Props for mentioning the sound design and Sunshine - a vastly underrated film in my view!

Couldn't disagree more. The level design and the interconnected world of Prey is by far its biggest strength, and provides some of the best level design in a very long time. Each section/floor of the ship is unique and serves a purpose, both gameplay-wise and story-wise.
 

ZoddGutts

Member
It's what we call a "cult" game. Immersive sim games, over the years, have more or less been very hit or miss with the gaming press.

Definitely has cult status feel to it, it's better than what gaming press are giving it. Game feels like a more true successor to System Shock than any of the Bioshock games ever were. Prefer this game over Bioshock and Dishonored, both games which I really liked. Hopefully it does well enough that we get a sequel, it might not do crazy sale numbers but hoping it at least becomes a sleeper hit.
 

Bydobob

Member
Couldn't disagree more. The level design and the interconnected world of Prey is by far its biggest strength, and provides some of the best level design in a very long time. Each section/floor of the ship is unique and serves a purpose, both gameplay-wise and story-wise.

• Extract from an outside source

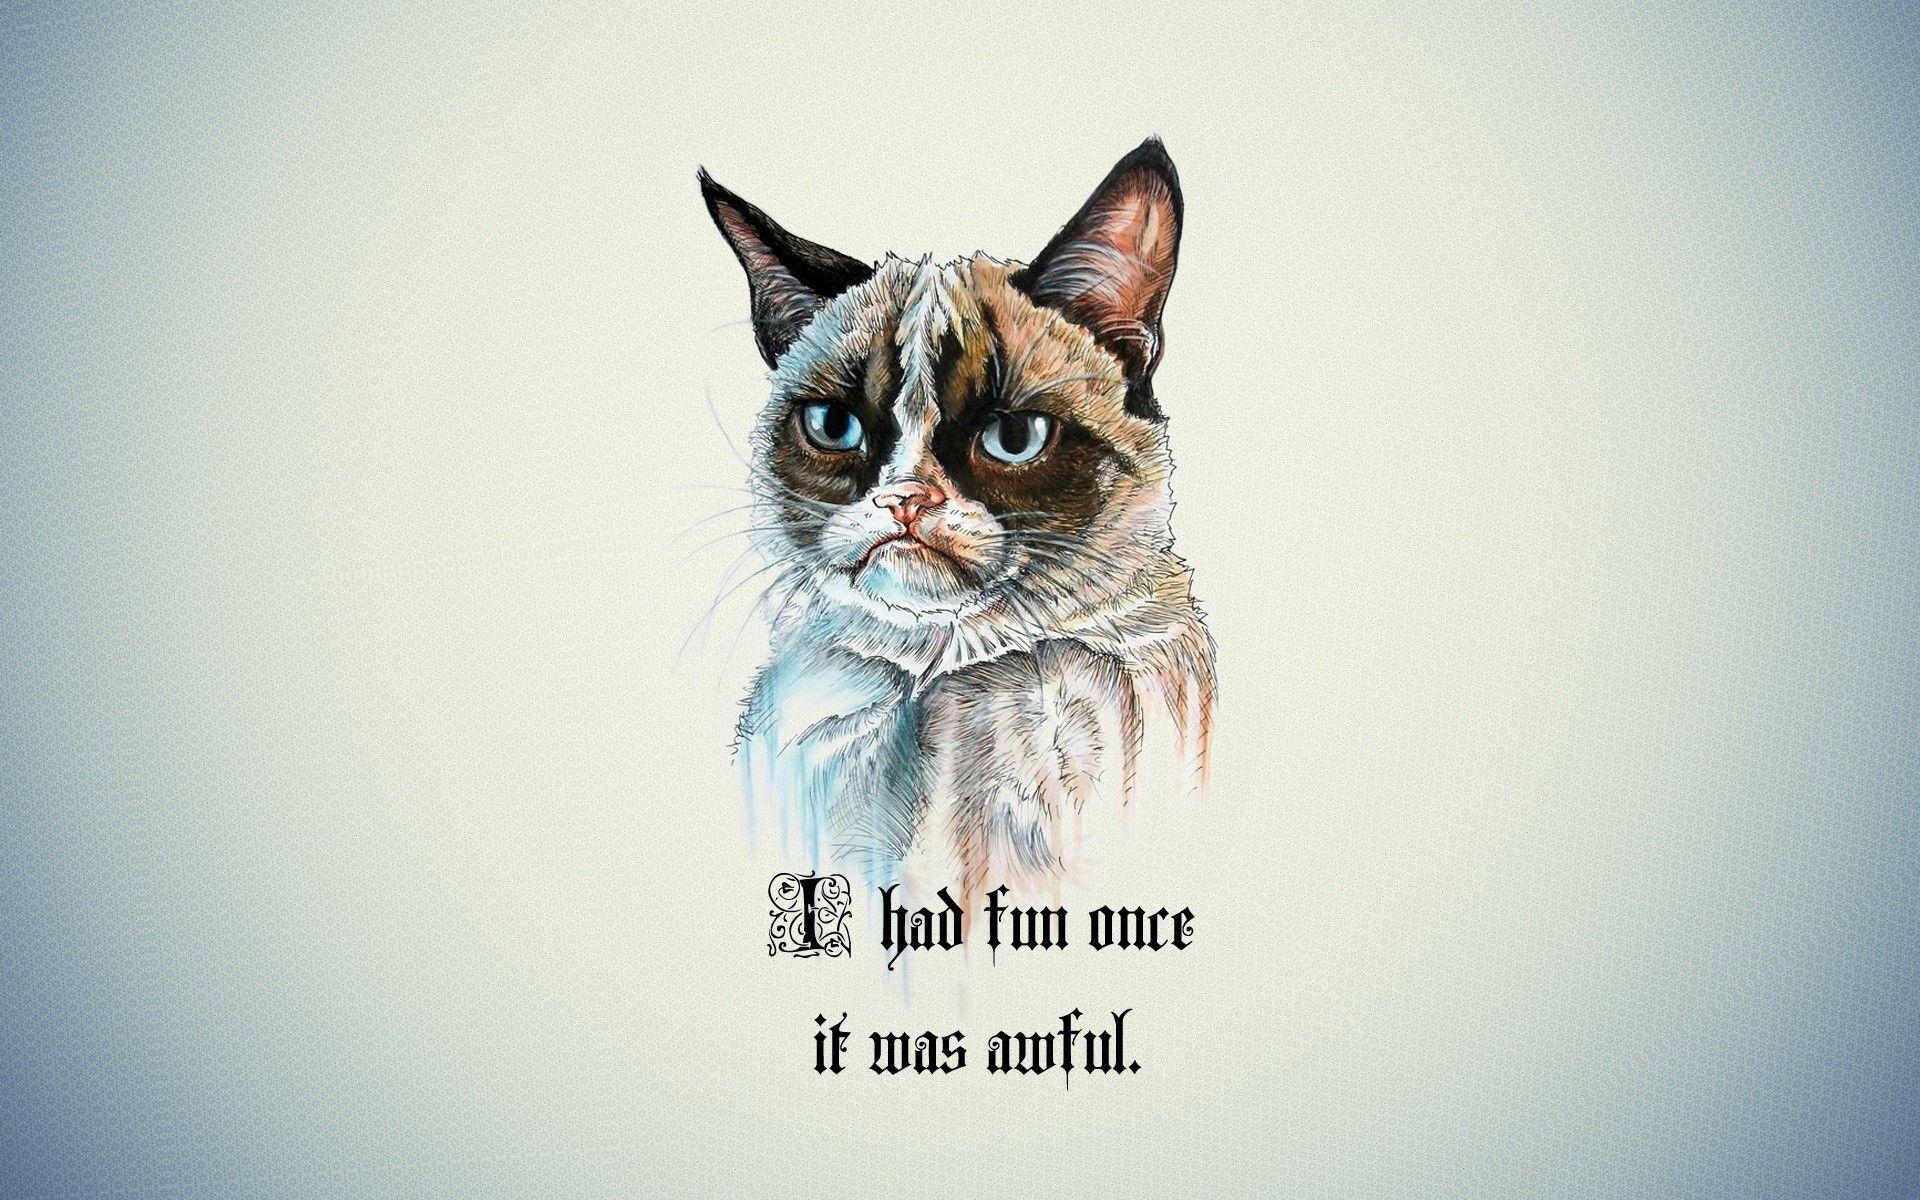 Grumpy Cat Quotes Wallpaper No 9408 Wallhaven Cc Hipster Cat Cat Wallpaper Funny Cat Wallpaper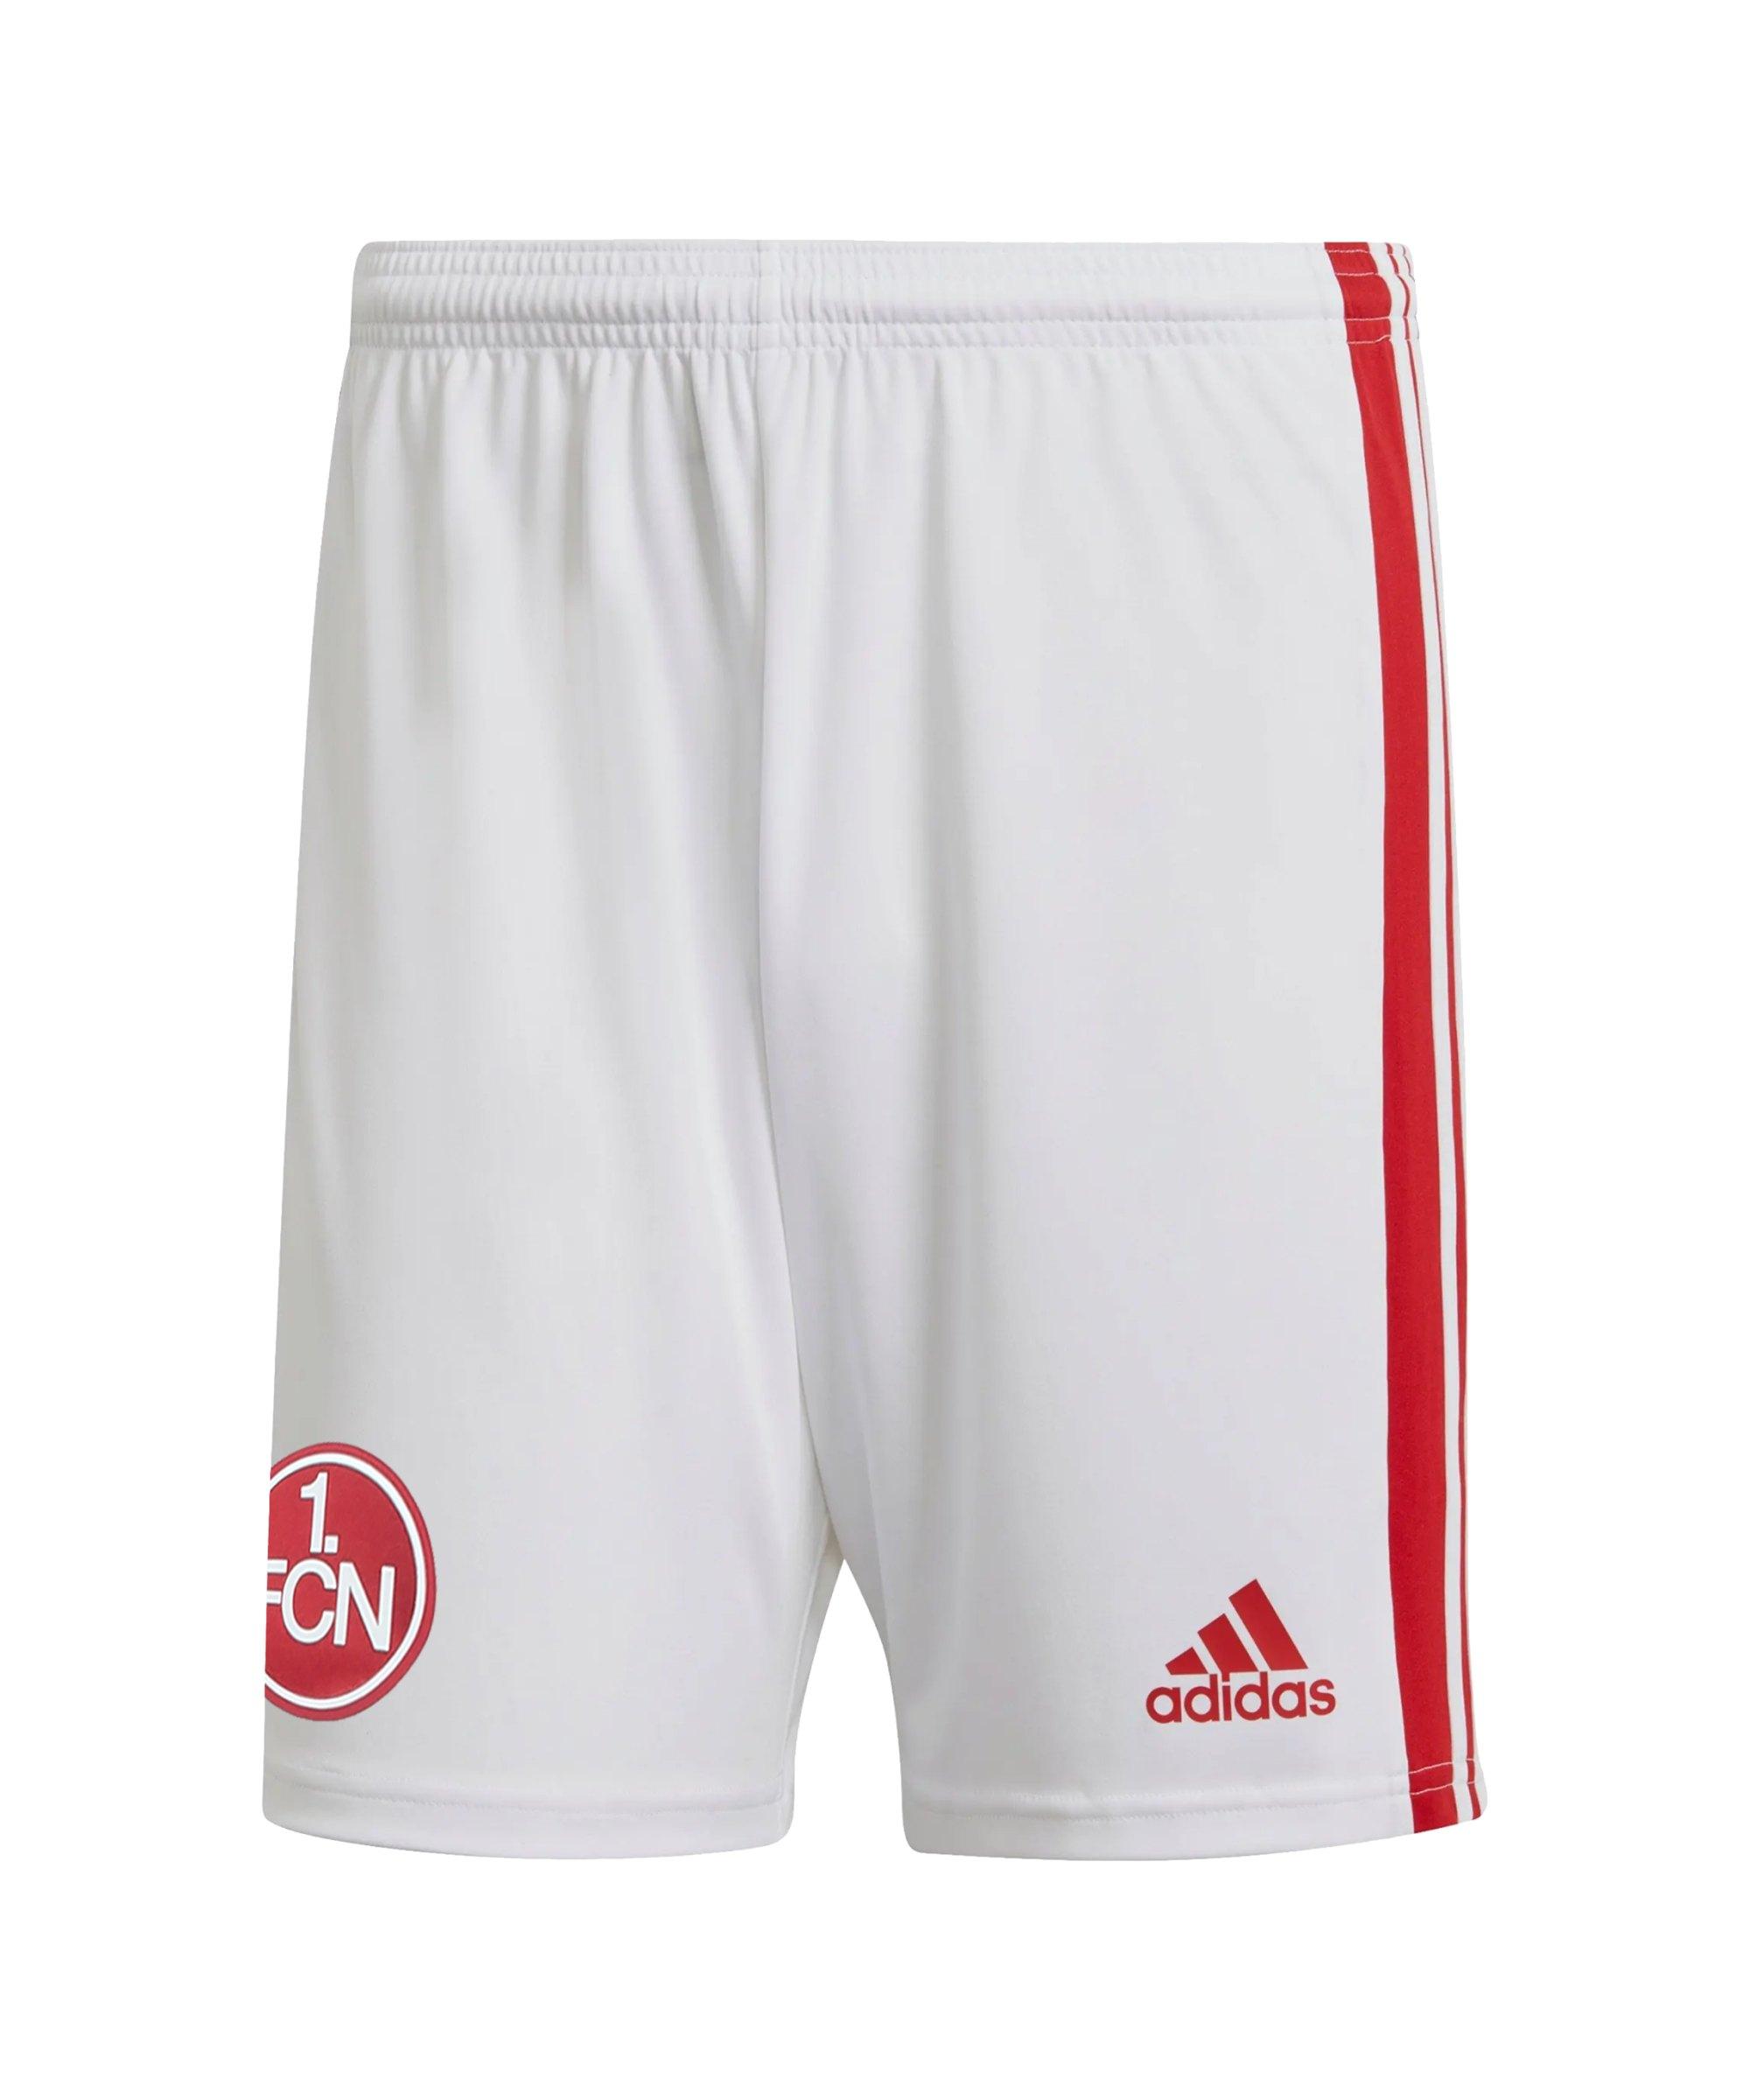 adidas 1. FC Nürnberg Short Away 21/22 Kids Weiss - weiss

Don't confuse visual design with architectural design. I agree there's a lot to like about the level layouts themselves.

You should play Dishonored 2 though if you want reference quality level design. That wasn't such a long time ago!
 

Dmax3901

Member
You nail my biggest complaint about the game: uninspired, repetitive locations make exploration less interesting than it should be. I feel this is the game's biggest downfall. Graphically it looks a bit flat too, with lighting a generation behind the likes of Alien Isolation and Doom. This could have done a lot to the atmosphere, which never quite generates as much tension as you hope.

Props for mentioning the sound design and Sunshine - a vastly underrated film in my view!

Appreciate the feedback! I loved the performance, but agree that Prey is nothing all that special visually.

Couldn't disagree more. The level design and the interconnected world of Prey is by far its biggest strength, and provides some of the best level design in a very long time. Each section/floor of the ship is unique and serves a purpose, both gameplay-wise and story-wise.

I feel the purpose these areas serve is kinda arbitrary though, especially storywise. You're only in a new place cause you need to fix something or retrieve a key card that just happens to be there. But I suppose this stuff is more suited to the OT.
 
I finished this recently and am really surprised by the scores and general consensus of the critics on this one. For me it's probably the best immersive sim of the modern era. Better than Deus Ex Human Revolution, much better than Mankind Divided, and my favorites Dishonored 1/2 I'd put right alongside it just for their amazing level design but they don't have the awesome interconnected world of Prey.

I do think critics usually playing on console might have hurt it's reception with the input lag on PS4 and in general the combat seems to be made for a mouse. Arkane weren't BSing about them developing for PC first when they talked about this game. The way mimics jump around you and some phantoms warp around was definitely not made with dual analog in mind.